So there are 47 system calls in the binary.

 

To find a system call and its parameters:

 

# objdump -d the-binary | grep -B 7 "cd 80" | more

...

EXAMPLE:

--

 80480e6:       e8 49 00 00 00          call   0x8048134

 80480eb:       50                      push   %eax

 80480ec:       e8 cb de 00 00          call   0x8055fbc

 80480f1:       5b                      pop    %ebx

 80480f2:       8d b4 26 00 00 00 00    lea    0x0(%esi,1),%esi

 80480f9:       8d b4 26 00 00 00 00    lea    0x0(%esi,1),%esi

 8048100:       b8 01 00 00 00          mov    $0x1,%eax

 8048105:       cd 80                   int    $0x80

--   

 

At this point, a small perl script was created to identify system calls in the objdump output. The script, called syscall.pl is available as appendix 0. With it, it was possible to clearly generate a list of the system calls in the code:  (parameters omitted for brevity)

 

 80480b4: cd 80                      int    $0x80 # personality()

 8048105: cd 80                      int    $0x80 # exit()

 8056a11: cd 80                      int    $0x80 # wait4()

 8056a54: cd 80                      int    $0x80 # socketcall()

 8056a9c: cd 80                      int    $0x80 # socketcall()

 8056ae4: cd 80                      int    $0x80 # socketcall()

 8056b26: cd 80                      int    $0x80 # socketcall()

 8056b72: cd 80                      int    $0x80 # socketcall()

 8056bcc: cd 80                      int    $0x80 # socketcall()

 8056c1e: cd 80                      int    $0x80 # socketcall()

 8056c78: cd 80                      int    $0x80 # socketcall()

 8056cd1: cd 80                      int    $0x80 # socketcall()

 8056d1c: cd 80                      int    $0x80 # socketcall()
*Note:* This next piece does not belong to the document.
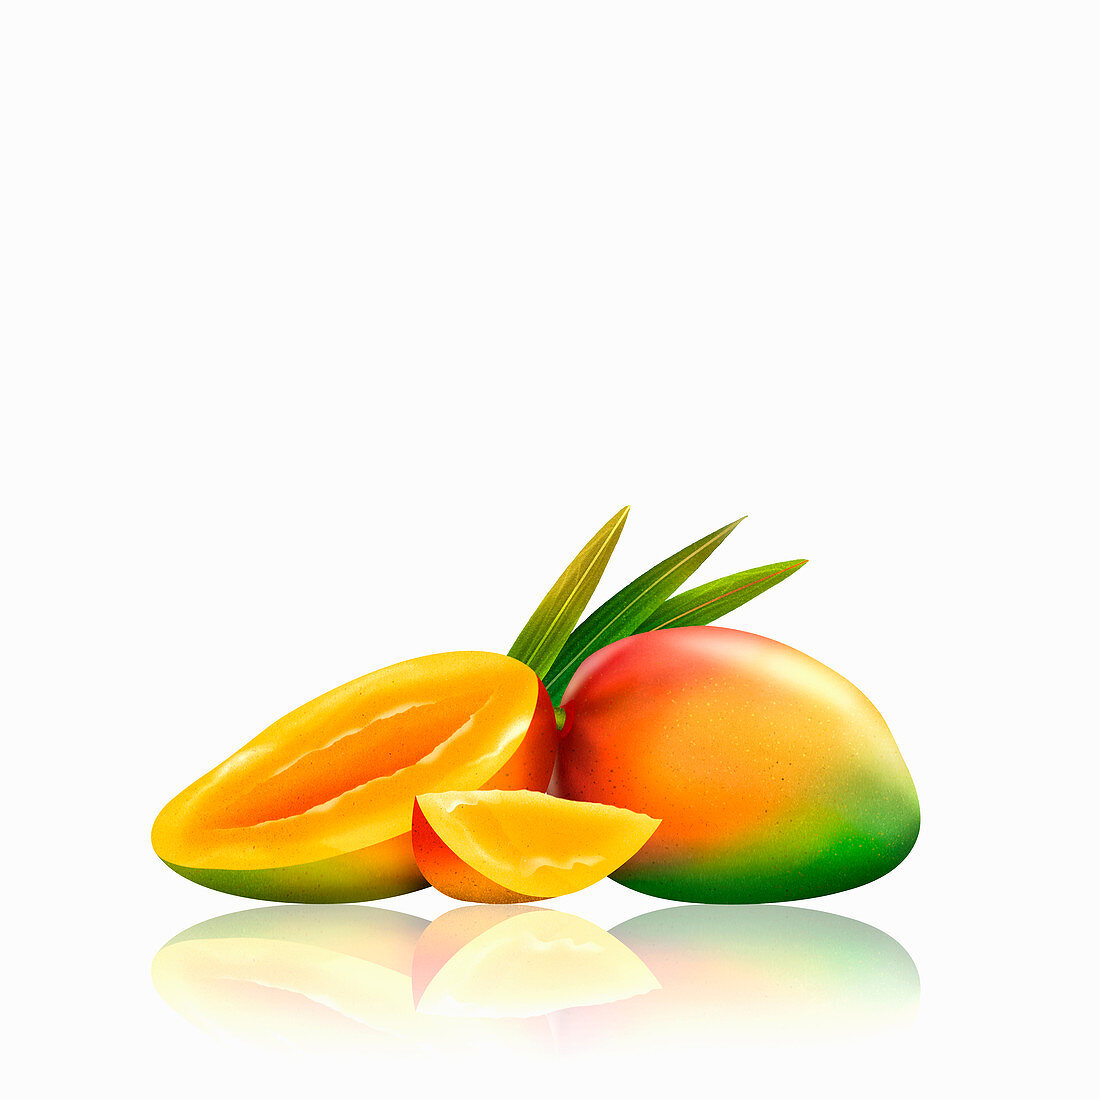 Fresh mangoes, whole, half and slice, illustration

 8057140: cd 80                      int    $0x80 # chdir()

 805716c: cd 80                      int    $0x80 # close()

 805719b: cd 80                      int    $0x80 # dup2()

 80571ca: cd 80                      int    $0x80 # execve()
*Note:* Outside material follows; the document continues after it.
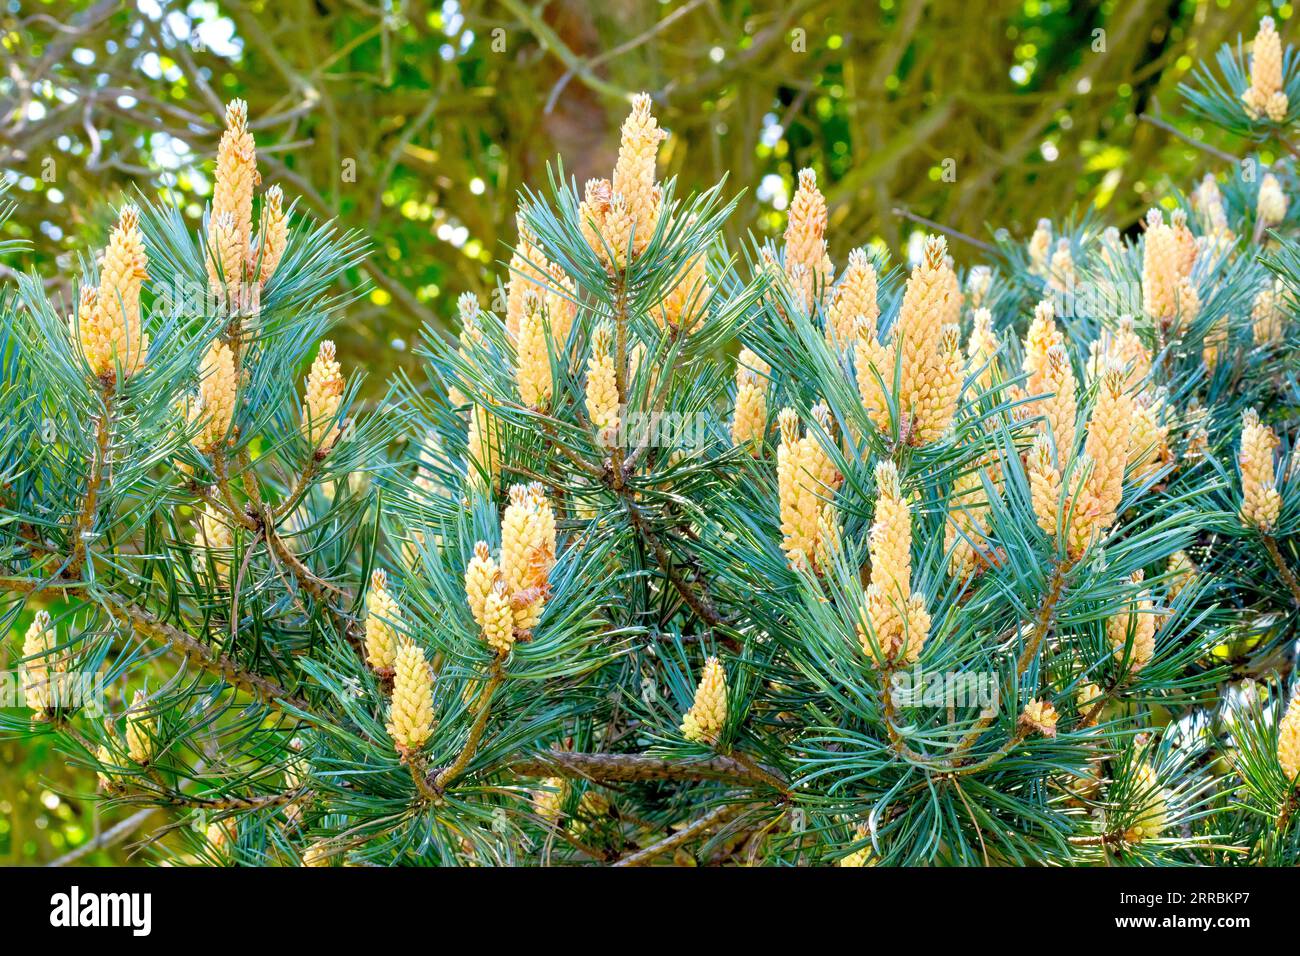 Pin sylvestre (pinus sylvestris), gros plan d'une branche de l'arbre commun couvert d'épis de fleurs mâles. Banque D'Images

 80571f0: cd 80                      int    $0x80 # fork()

 8057214: cd 80                      int    $0x80 # geteuid()

 8057238: cd 80                      int    $0x80 # getpid()

 8057263: cd 80                      int    $0x80 # gettimeofday()

 8057292: cd 80                      int    $0x80 # ioctl()

 80572bf: cd 80                      int    $0x80 # kill()

 80572ee: cd 80                      int    $0x80 # open()

 805731e: cd 80                      int    $0x80 # read()

 8057344: cd 80                      int    $0x80 # setsid()

 8057372: cd 80                      int    $0x80 # sigprocmask()

 805739c: cd 80                      int    $0x80 # uname()

 80573c8: cd 80                      int    $0x80 # unlink()

 80573fa: cd 80                      int    $0x80 # write()

 8057424: cd 80                      int    $0x80 # alarm()

 8057450: cd 80                      int    $0x80 # time()

 8057482: cd 80                      int    $0x80 # writev()

 80574ac: cd 80                      int    $0x80 # select()

 80574f7: cd 80                      int    $0x80 # sigaction()

 8057530: cd 80                      int    $0x80 # sigsuspend()

 8057560: cd 80                      int    $0x80 # exit()

 8065d23: cd 80                      int    $0x80 # mmap()

 8065d65: cd 80                      int    $0x80 # stat()

 8065da1: cd 80                      int    $0x80 # fstat()

 8066106: cd 80                      int    $0x80 # fcntl()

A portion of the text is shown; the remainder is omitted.